Angle-insensitive multilayer metacoating with dual-band selective emission for infrared camouflage and radiative cooling

Abstract

The mid-infrared (MIR) spectral region, covering the atmospheric transmission windows (ATWs) of 3–5 μm (mid-wavelength infrared, MWIR) and 8–13 μm (long-wavelength infrared, LWIR), is critical for applications such as infrared camouflage and radiative cooling due to its low atmospheric absorption. Here, we present a high-efficiency, deep-subwavelength multilayer metacoating (MMC) designed for dual-band emission in the MWIR and LWIR ATWs. Through selective impedance matching, the quad-layer MMC achieves average emissivities of 0.79 in the MWIR and 0.83 in the LWIR ATWs, while suppressing emissivity to 0.33 in the non-ATW range of 5–8 μm.

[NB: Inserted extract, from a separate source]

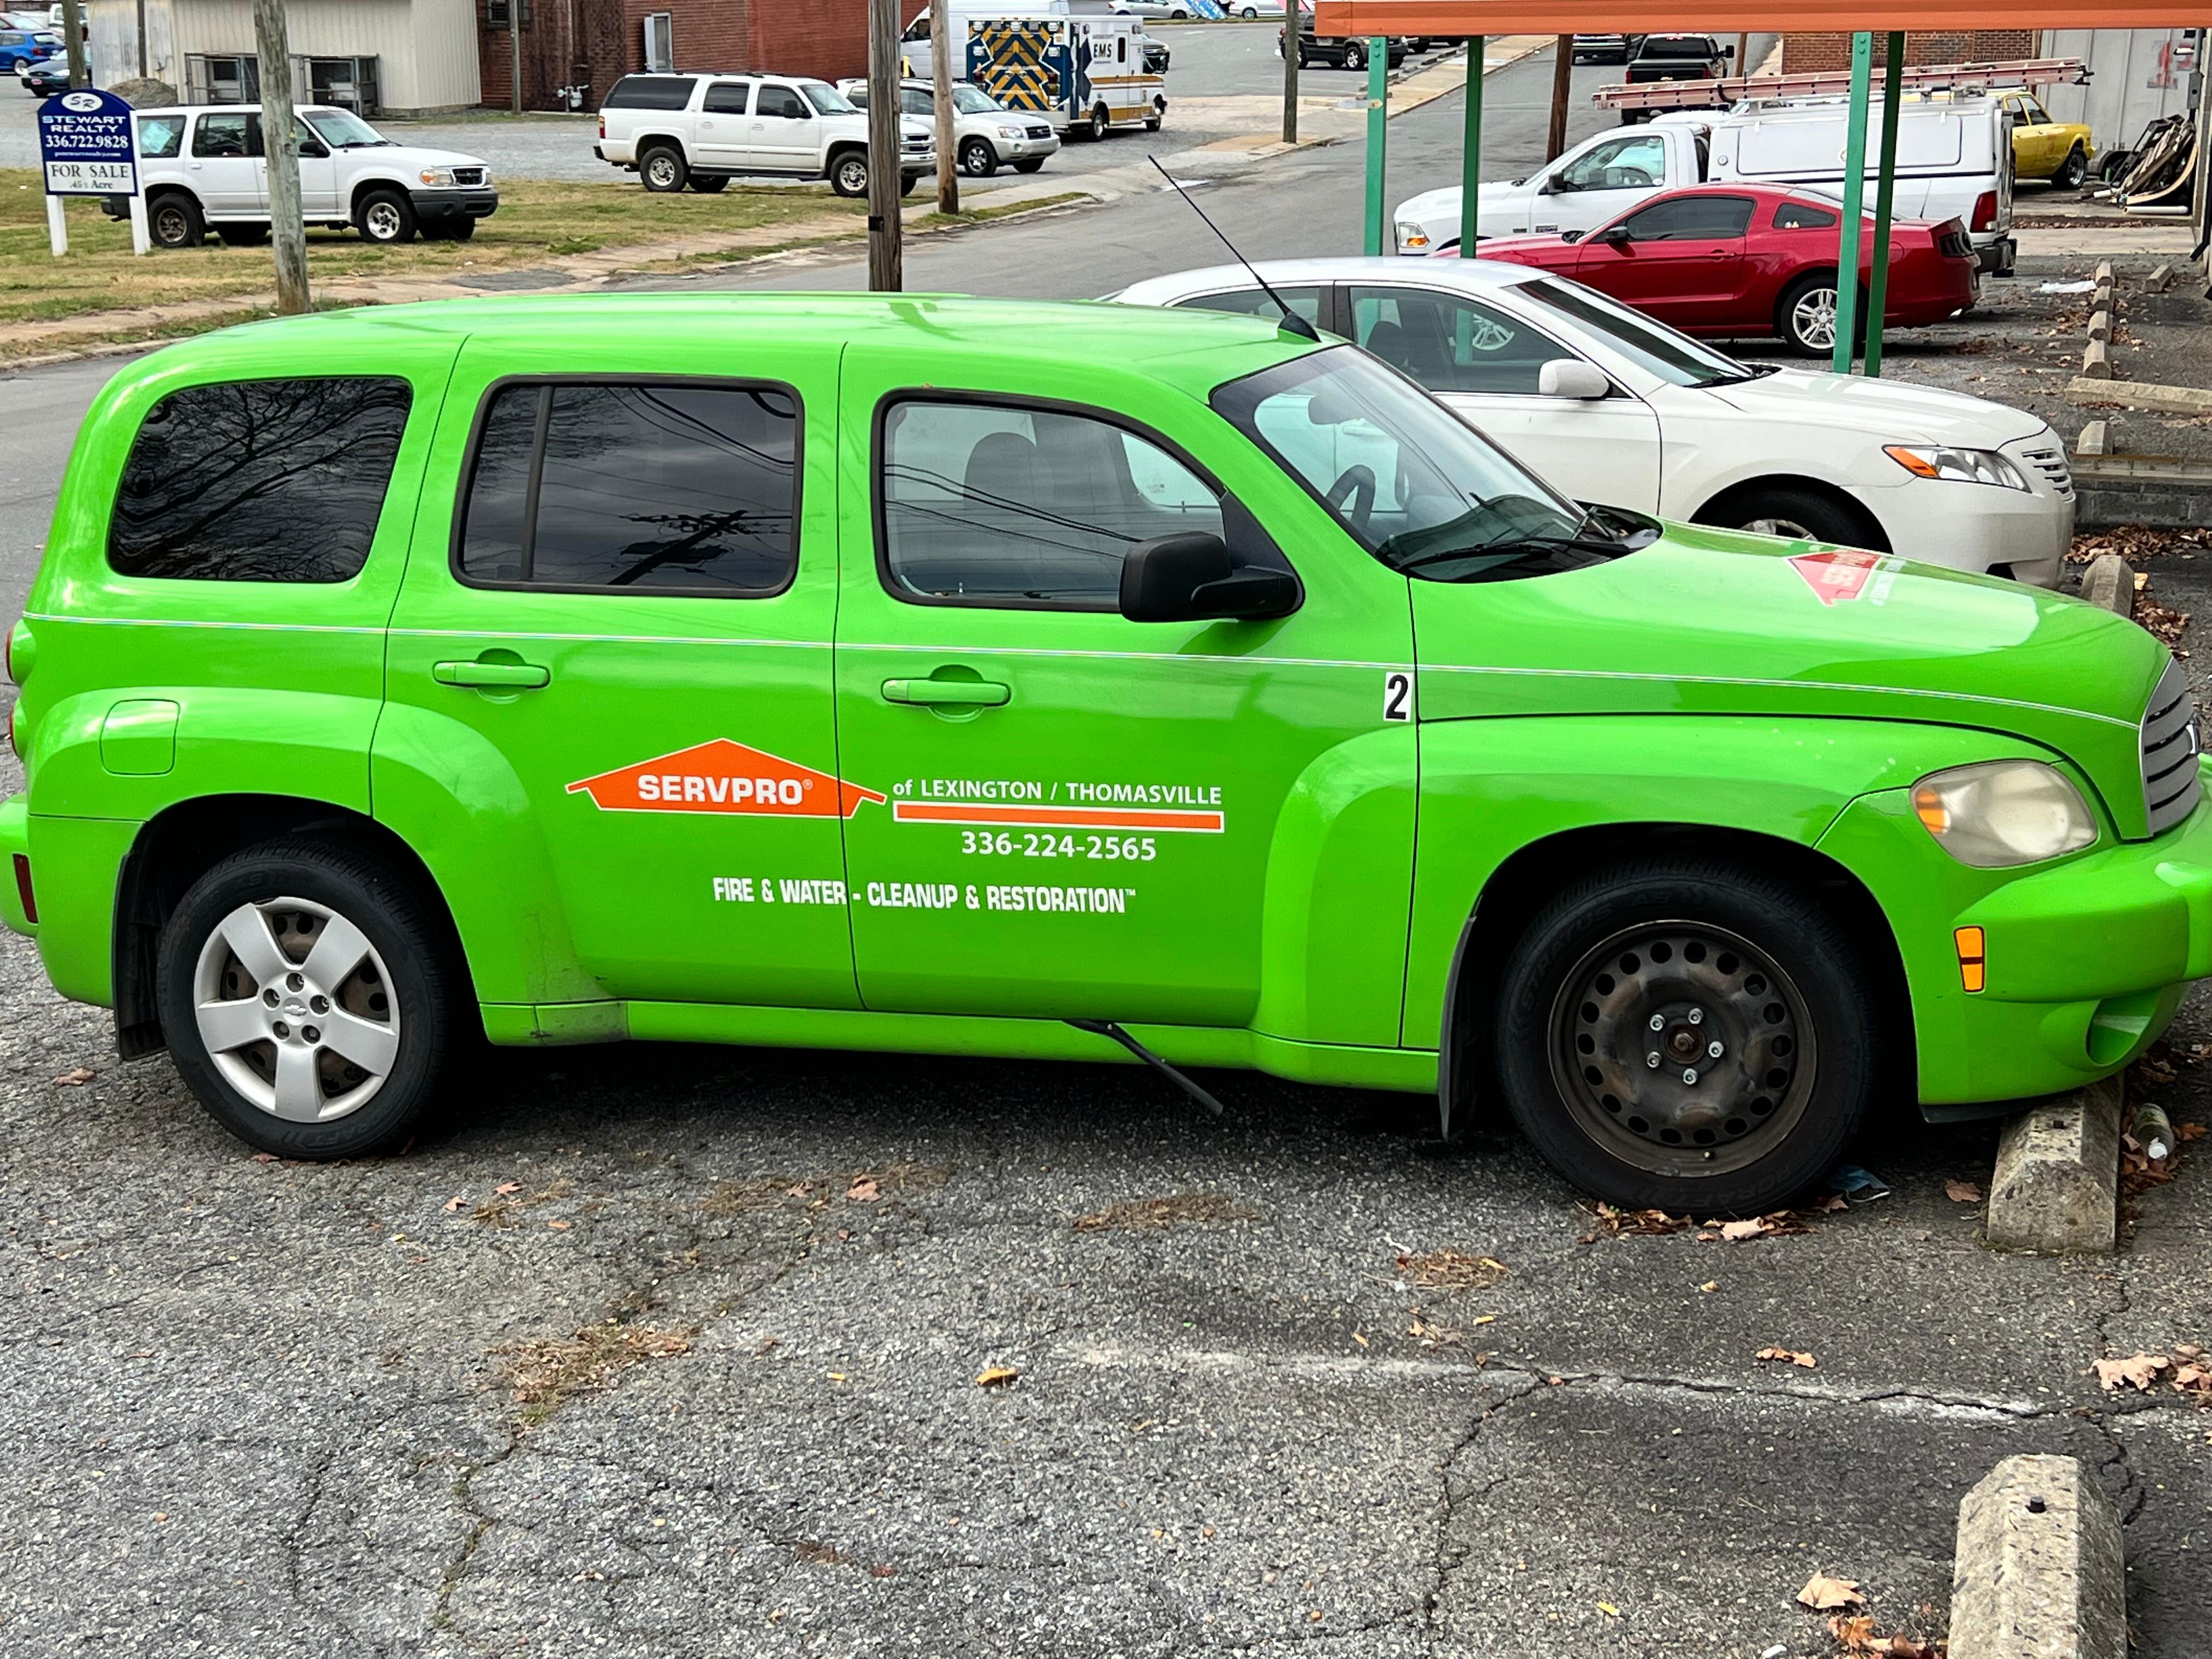 SERVPRO Chevy HHR: marketing car.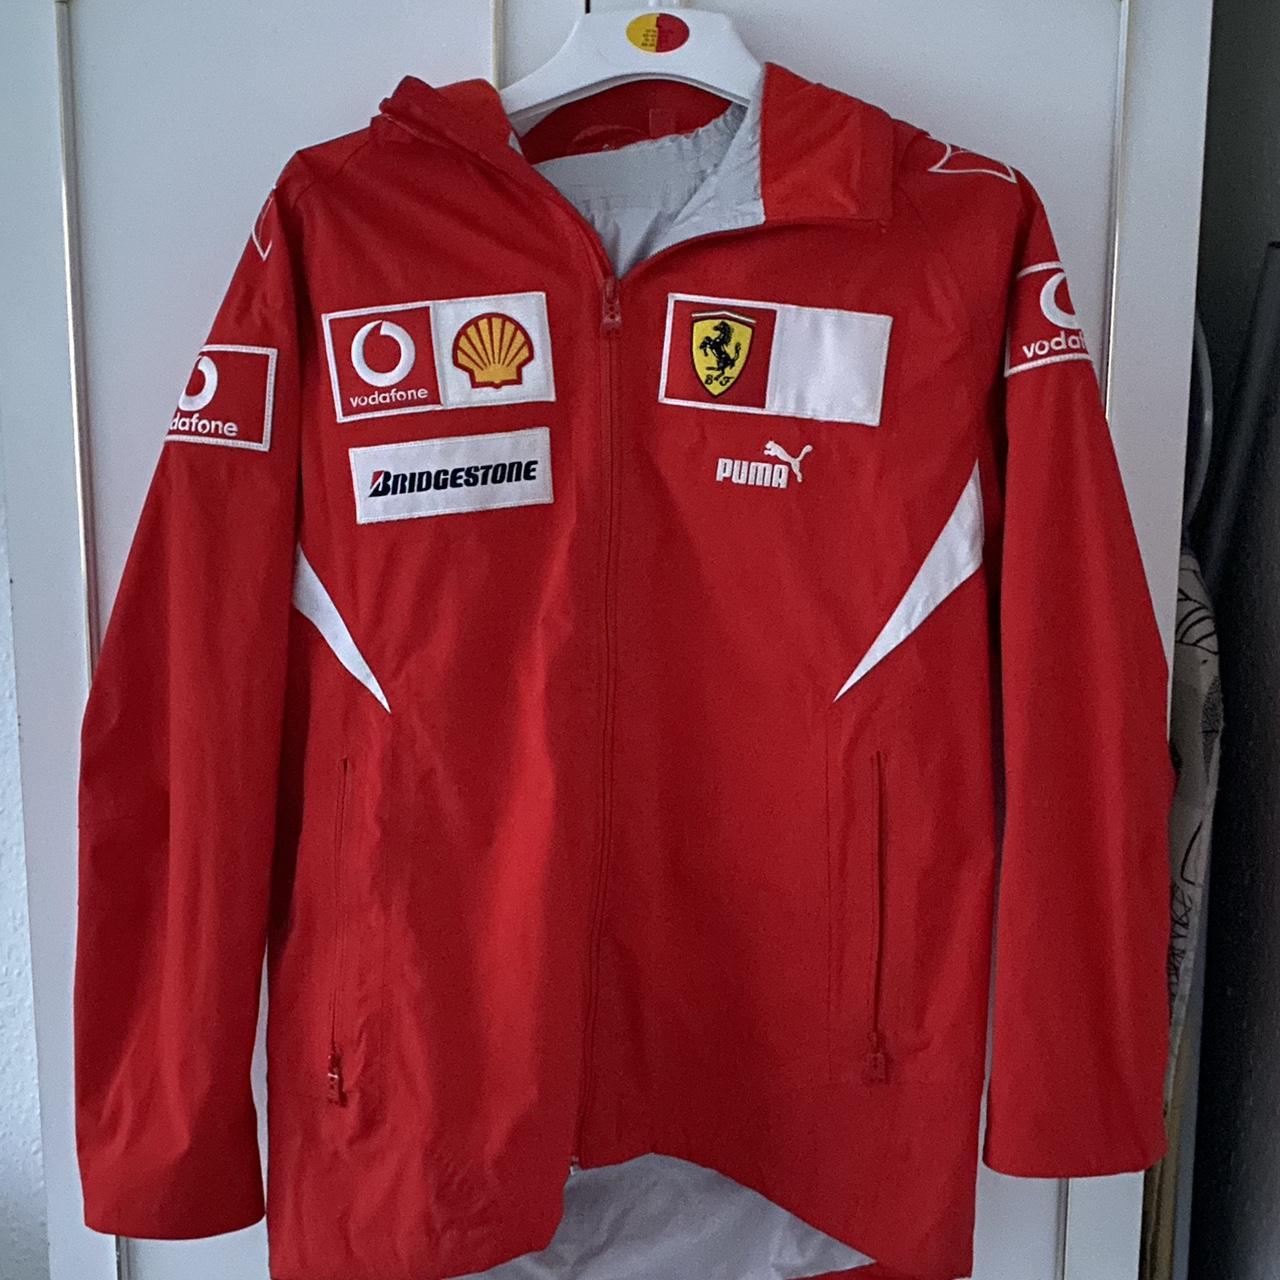 Ferrari jacket - Depop

Experimental results confirm these findings, which arise from electromagnetic localization within the multilayer architecture and dissipation in lossy materials (Ti and Cr). Notably, the emitter exhibits angle-insensitive performance, maintaining emissivities of 0.65 (MWIR) and 0.72 (LWIR) at incidence angles up to 70°, and demonstrates effective LWIR camouflage against high-emissivity backgrounds. Theoretical analysis further reveals its potential for nighttime radiative cooling. This work advances scalable, low-cost metacoatings for dual-functional infrared technologies, addressing key challenges in military signature management, thermal regulation, and energy-efficient aerospace systems.